> _Action item_
Look through the records below for the line with "A student kicking". Return that line and each one after it up to and including the line with "Busch Beer's", exactly.

*** Block opens ***

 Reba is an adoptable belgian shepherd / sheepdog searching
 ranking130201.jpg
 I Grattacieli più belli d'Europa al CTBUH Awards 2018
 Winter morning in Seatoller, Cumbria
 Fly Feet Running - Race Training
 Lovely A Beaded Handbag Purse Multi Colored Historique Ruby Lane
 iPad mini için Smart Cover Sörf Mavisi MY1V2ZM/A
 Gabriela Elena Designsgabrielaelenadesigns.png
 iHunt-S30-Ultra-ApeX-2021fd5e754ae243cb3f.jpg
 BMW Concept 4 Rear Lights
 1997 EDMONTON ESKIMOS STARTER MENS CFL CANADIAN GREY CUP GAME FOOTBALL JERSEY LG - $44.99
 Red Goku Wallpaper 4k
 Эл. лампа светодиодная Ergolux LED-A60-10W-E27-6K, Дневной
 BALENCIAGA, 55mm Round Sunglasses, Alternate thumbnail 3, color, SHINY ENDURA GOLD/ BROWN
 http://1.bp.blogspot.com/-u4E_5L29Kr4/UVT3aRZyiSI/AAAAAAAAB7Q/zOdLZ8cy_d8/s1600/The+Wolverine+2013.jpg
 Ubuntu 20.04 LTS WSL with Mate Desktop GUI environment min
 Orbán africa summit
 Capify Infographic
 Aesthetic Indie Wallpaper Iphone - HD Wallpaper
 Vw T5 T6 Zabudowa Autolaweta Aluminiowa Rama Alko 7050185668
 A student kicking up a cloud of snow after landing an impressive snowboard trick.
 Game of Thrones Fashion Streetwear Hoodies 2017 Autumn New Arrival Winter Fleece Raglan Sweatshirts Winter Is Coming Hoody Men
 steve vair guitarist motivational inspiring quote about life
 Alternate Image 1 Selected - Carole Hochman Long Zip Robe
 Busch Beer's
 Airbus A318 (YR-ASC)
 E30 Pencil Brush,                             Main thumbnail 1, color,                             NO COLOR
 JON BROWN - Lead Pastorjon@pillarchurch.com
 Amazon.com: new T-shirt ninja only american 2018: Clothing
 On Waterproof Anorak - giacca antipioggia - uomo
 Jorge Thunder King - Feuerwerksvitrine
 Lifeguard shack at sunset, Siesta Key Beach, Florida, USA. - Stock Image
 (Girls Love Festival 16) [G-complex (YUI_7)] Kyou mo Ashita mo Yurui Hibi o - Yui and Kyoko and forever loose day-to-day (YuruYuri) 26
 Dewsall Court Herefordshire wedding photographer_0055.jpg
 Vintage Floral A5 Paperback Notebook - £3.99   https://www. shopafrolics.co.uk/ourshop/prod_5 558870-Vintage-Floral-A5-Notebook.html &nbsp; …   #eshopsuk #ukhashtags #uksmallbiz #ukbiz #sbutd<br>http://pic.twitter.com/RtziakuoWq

*** Block closes ***

> _Solution for this task_
 A student kicking up a cloud of snow after landing an impressive snowboard trick.
 Game of Thrones Fashion Streetwear Hoodies 2017 Autumn New Arrival Winter Fleece Raglan Sweatshirts Winter Is Coming Hoody Men
 steve vair guitarist motivational inspiring quote about life
 Alternate Image 1 Selected - Carole Hochman Long Zip Robe
 Busch Beer's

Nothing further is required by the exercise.